▶ DATA EXTRACTS:
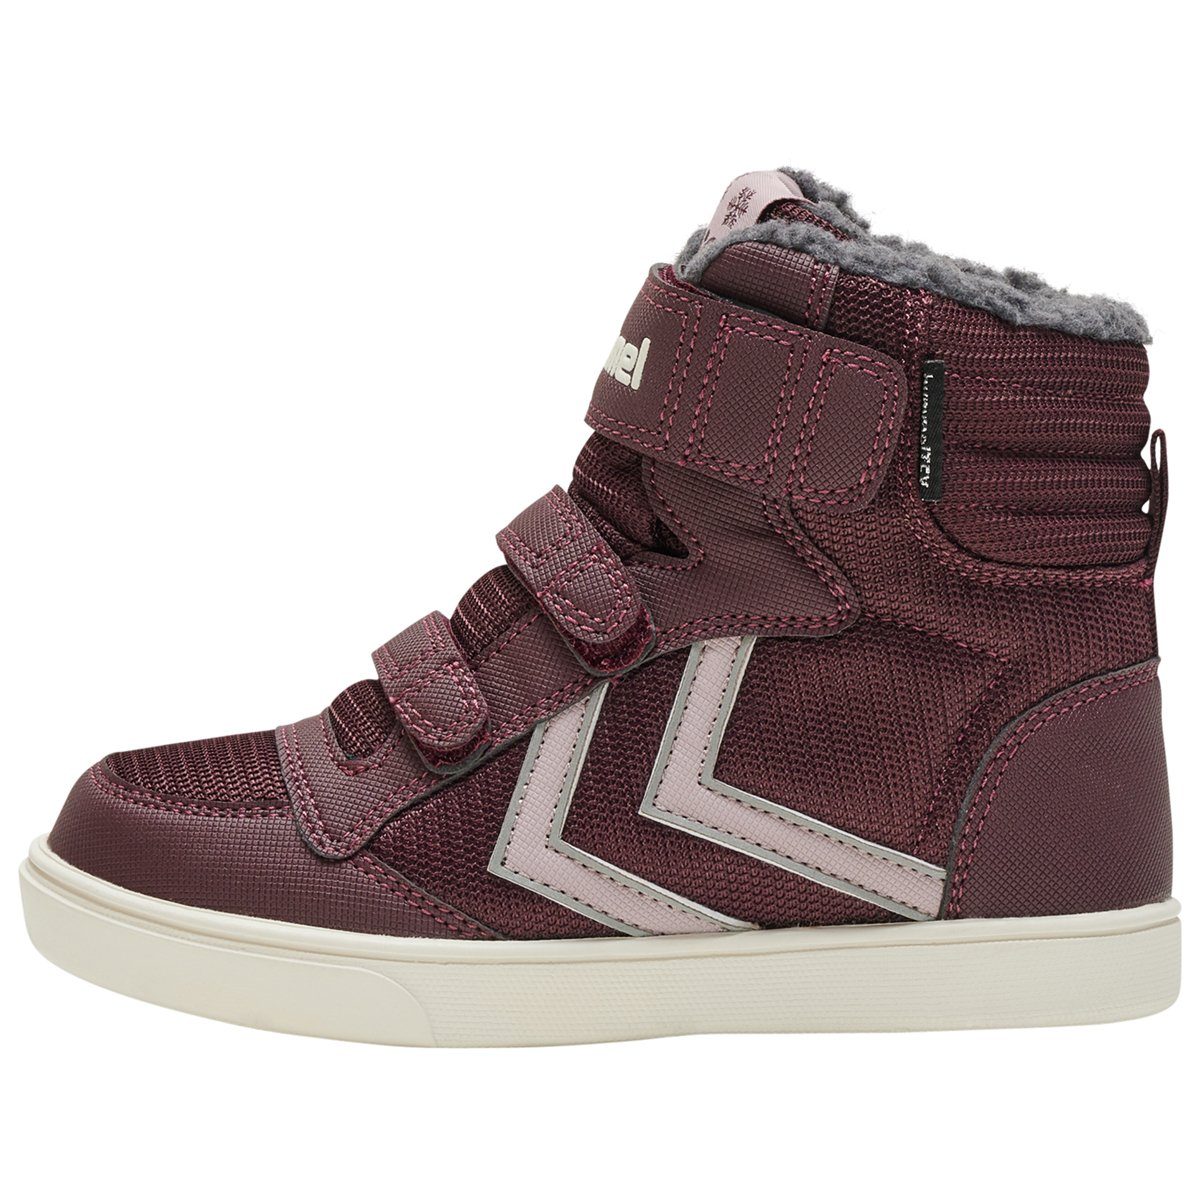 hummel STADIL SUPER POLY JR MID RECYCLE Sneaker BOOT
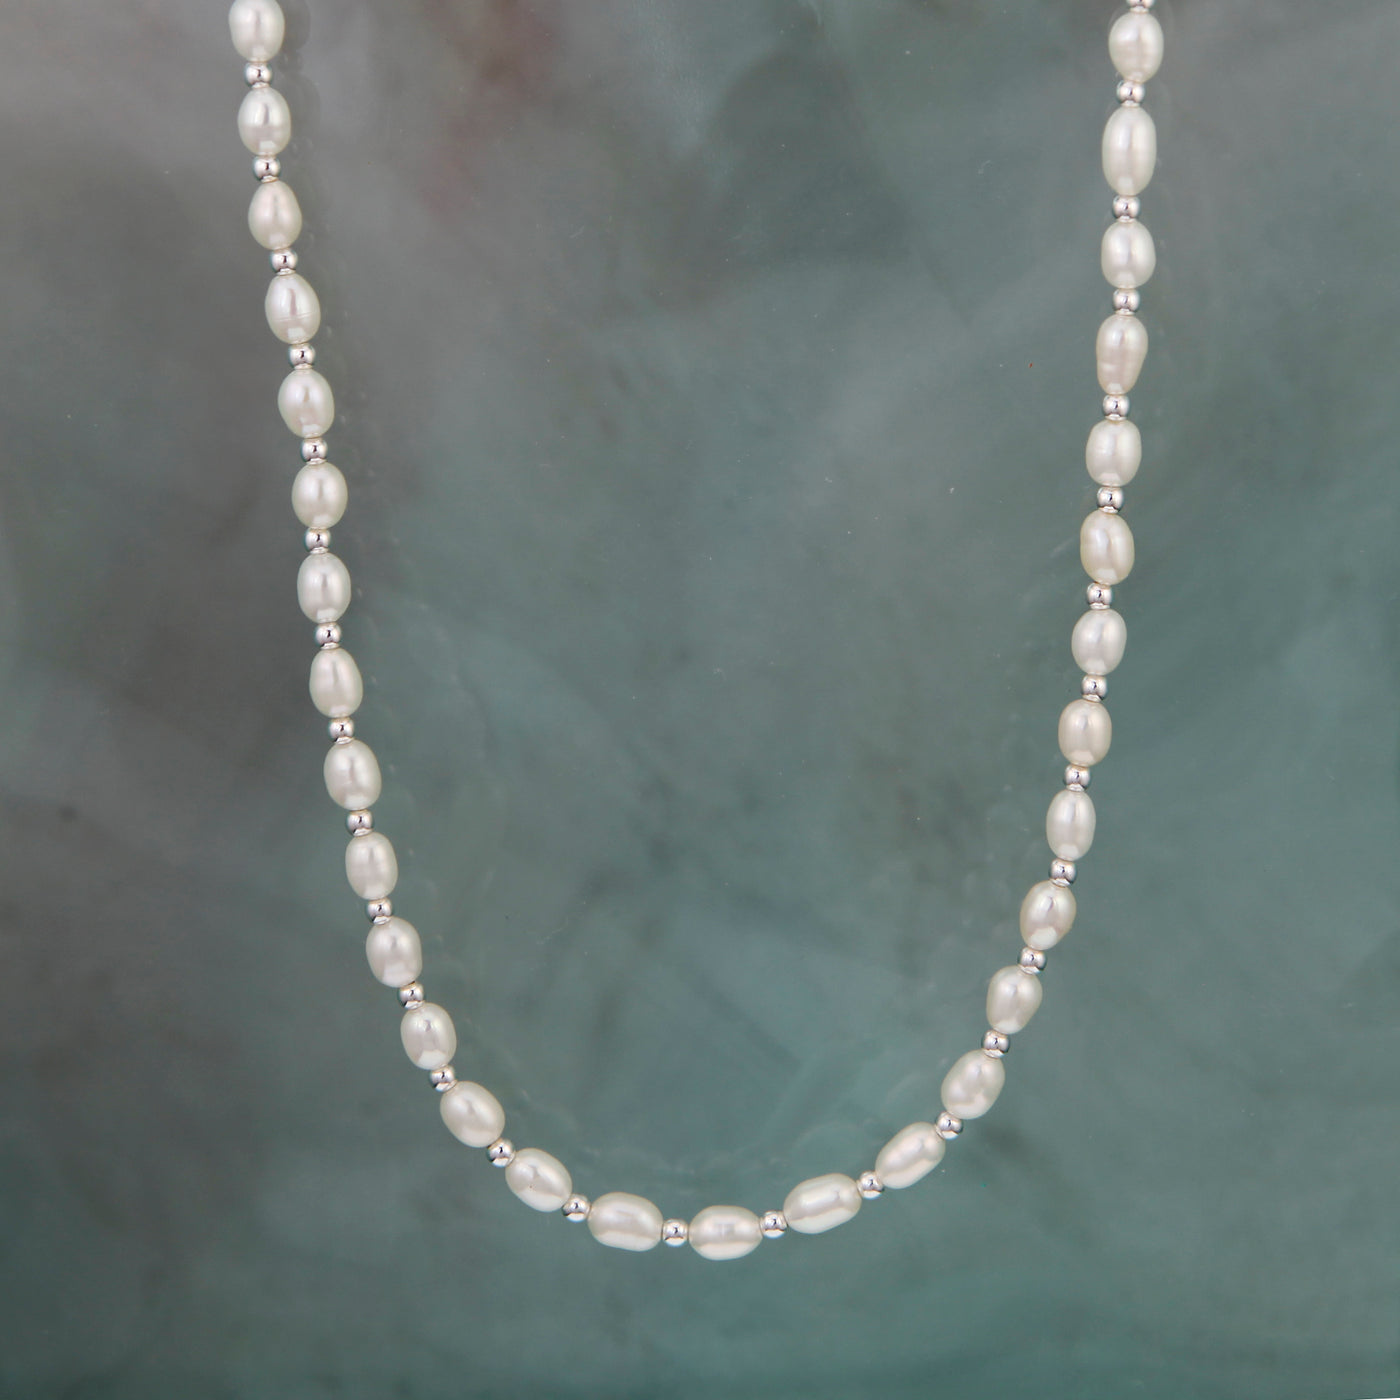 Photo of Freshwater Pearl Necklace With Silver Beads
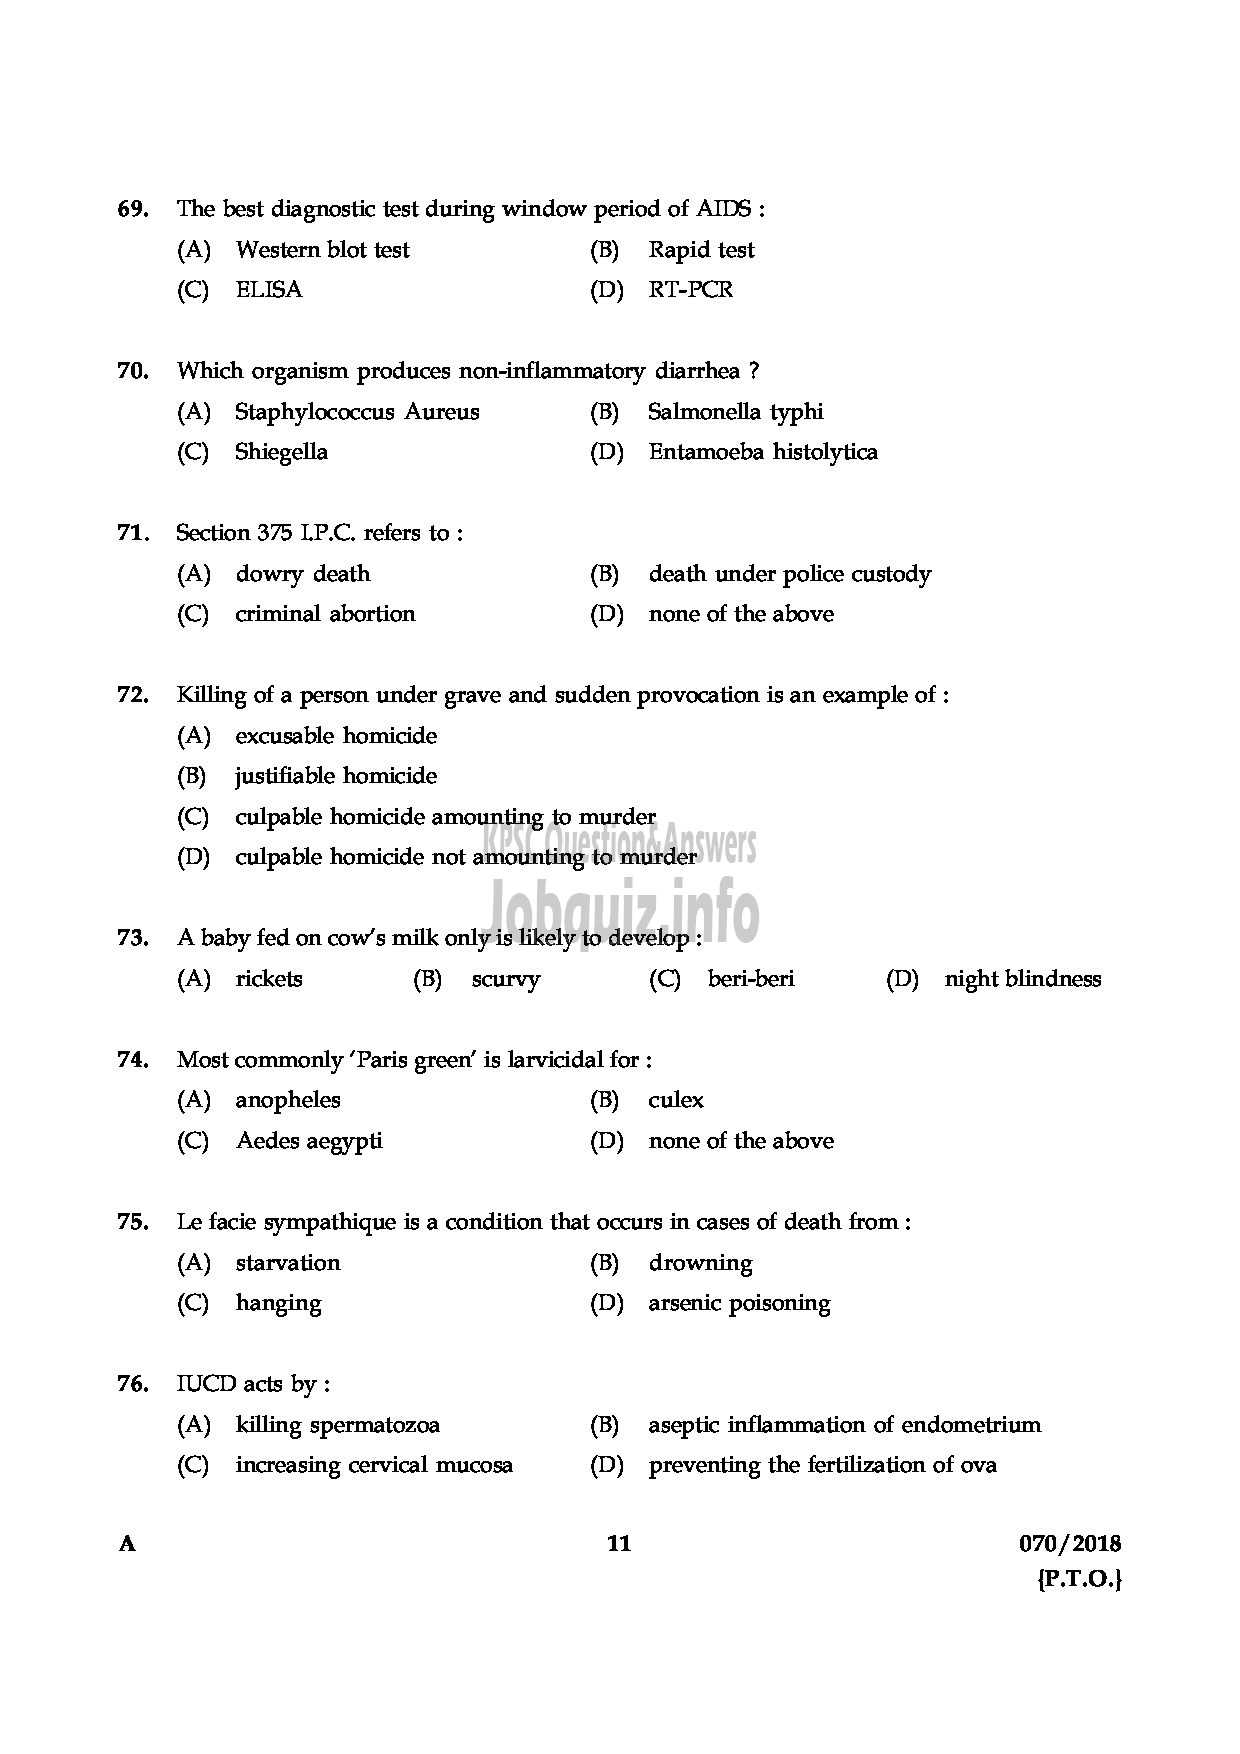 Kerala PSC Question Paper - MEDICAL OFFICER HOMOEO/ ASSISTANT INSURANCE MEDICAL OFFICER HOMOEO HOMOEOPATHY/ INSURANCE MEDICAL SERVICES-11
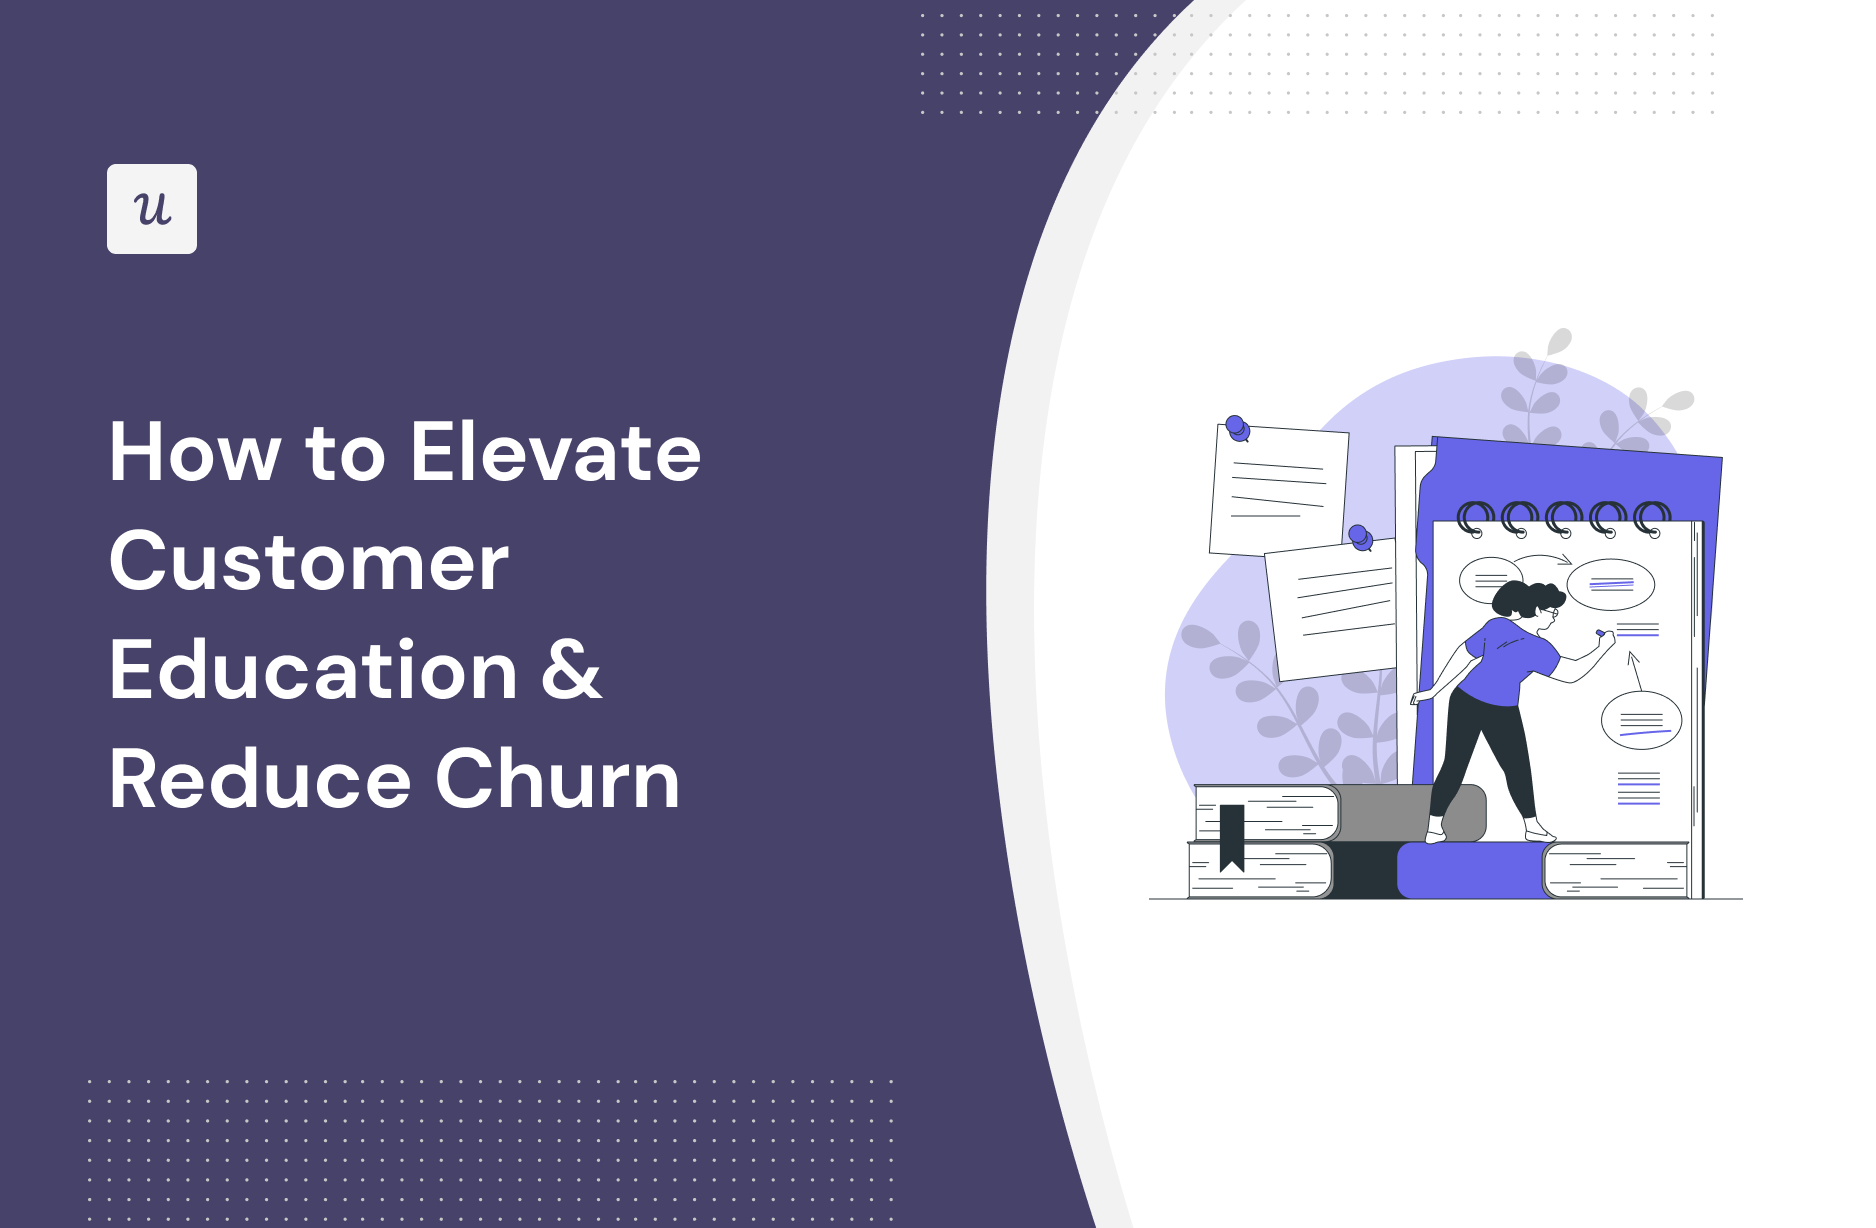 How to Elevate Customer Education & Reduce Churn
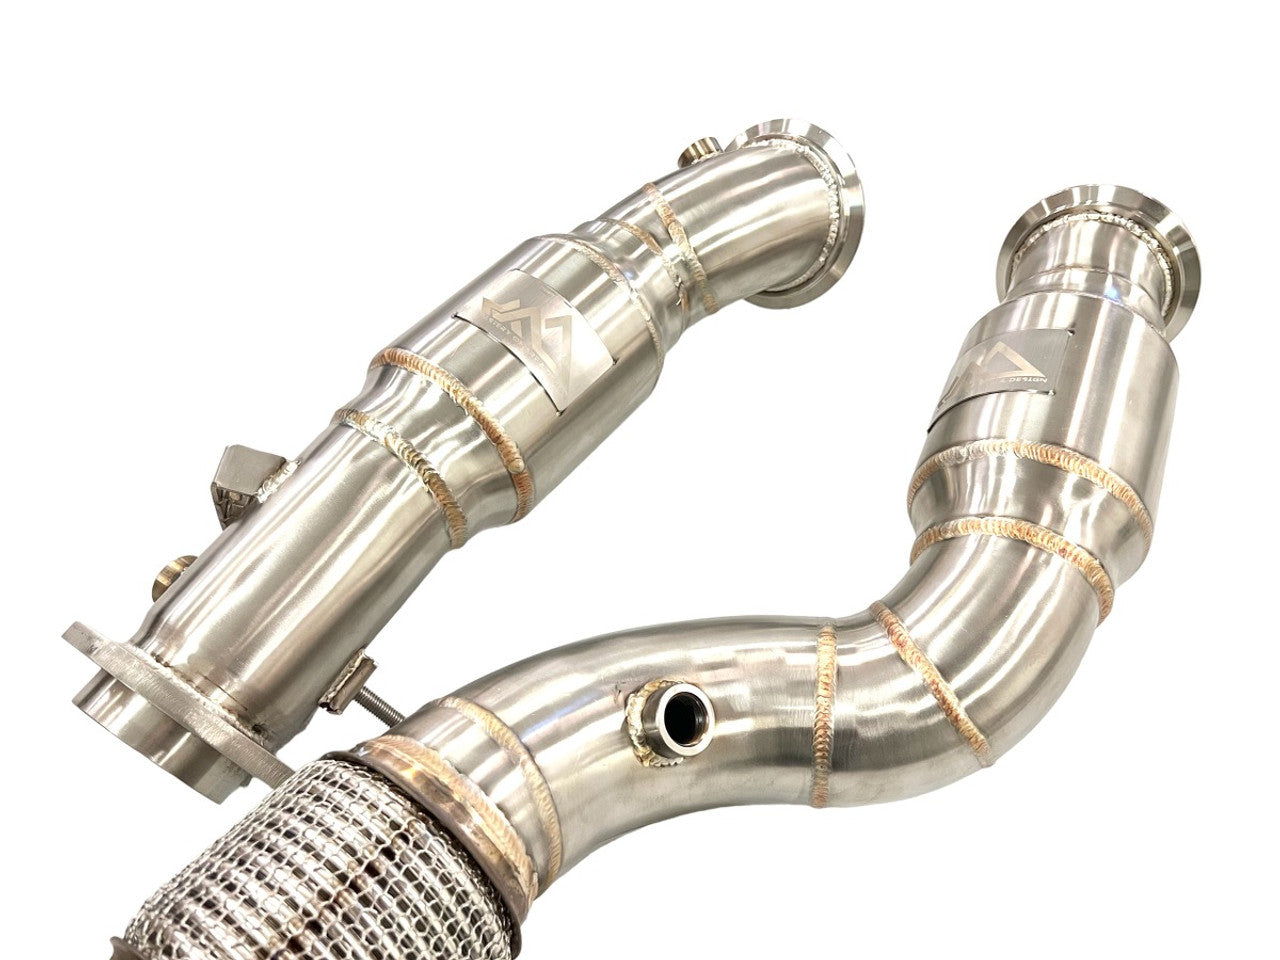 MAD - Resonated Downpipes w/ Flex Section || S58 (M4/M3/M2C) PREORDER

▶ GOAL OF THE EXERCISE:
With pictures excluded, output the listing above exactly as it stands.

▶ FINAL ANSWER:
 hummel STADIL SUPER POLY JR MID RECYCLE Sneaker BOOT
 Photo of Freshwater Pearl Necklace With Silver Beads
 Kerala PSC Question Paper - MEDICAL OFFICER HOMOEO/ ASSISTANT INSURANCE MEDICAL OFFICER HOMOEO HOMOEOPATHY/ INSURANCE MEDICAL SERVICES-11
 How to Elevate Customer Education & Reduce Churn
 MAD - Resonated Downpipes w/ Flex Section || S58 (M4/M3/M2C) PREORDER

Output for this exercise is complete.